Melanie DuPuis– Teaching Statement 2002-03
Assoc. Professorof Sociology

When preparing my classes, I try to imagine in the audience a student a lot like myself at 16. At that age, I was the fortunate recipient of a scholarship to a prestigious prep school. In the middle of my sophomore year, I packed my bags and left my public high school where, as a girl who actively participated in class discussion, I was labeled “The Amazon.” Yet, while I envisioned Phillips Exeter as my Land of Milk and Honey, I was totally unprepared for my first history class. We were expected to read The Federalist Papers: The original document! Not the textbook summary! That was only my first surprise. Struggling through the language, I arrived in class still not entirely sure what the document said and assuming the teacher would explain it for us. In fact, he expected us to explain it to him! Then, the final surprise: most of the other students not only could read and understand the text, they could articulate its meaning with ease. All I could do is sit back and wonder, “Where did these people come from?” “How did they manage to know so much?” and “Can I possibly survive this class?”
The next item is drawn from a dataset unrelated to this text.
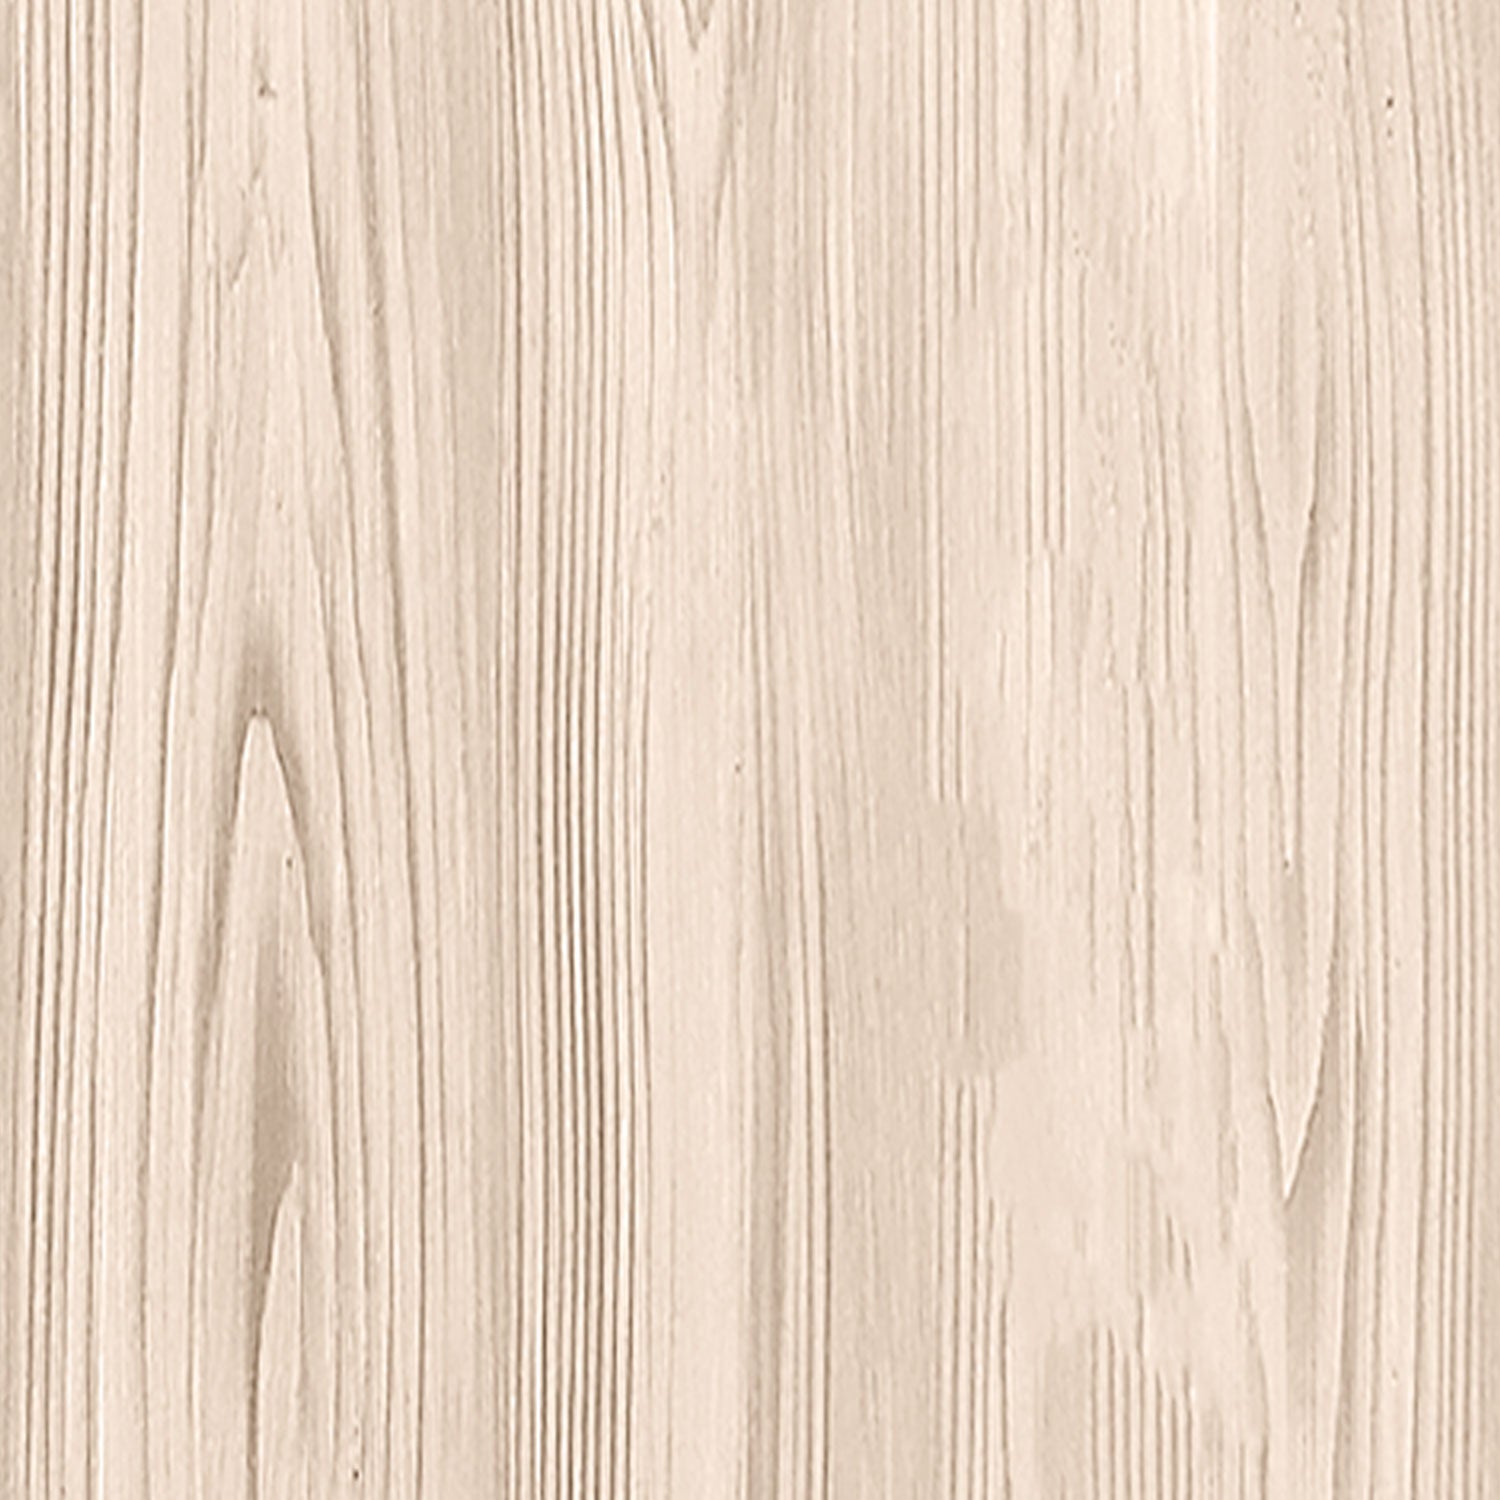 Multi-purpose Wood'n Kit (Large) - White Oak - Interior Top Coat

Looking around my Classical Sociological Theory class in the fall, I can see exactly those thoughts coursing through the minds of many of my students, as we begin reading Hobbes, in the original. I recognize the fright in their eyes. I can see myself in them. But I also recognize that my struggles in that prep school history class represented the beginning of an exciting intellectual journey. My job, as teacher, is to move students from the fear of not measuring up to the excitement of ideas. Once the excitement captures you, it doesn’t matter if everyone else in the room knows more, or can write better, or knows how to study for an essay exam when you haven’t the slightest idea. Your journey has begun.

Humor is a great way to calm fears and generate excitement. Intellectual activity, while wonderful, is in some ways pretty absurd and I try to cultivate this sense of the absurd while communicating the importance of ideas. Blue Man Group, the performance artists, take pedagogy of the absurd to a fine extreme, and I have learned a lot from them and other performance artists like Laurie Anderson. I think it would be great to invite performance artists to come to campus and talk to professors about “teaching.”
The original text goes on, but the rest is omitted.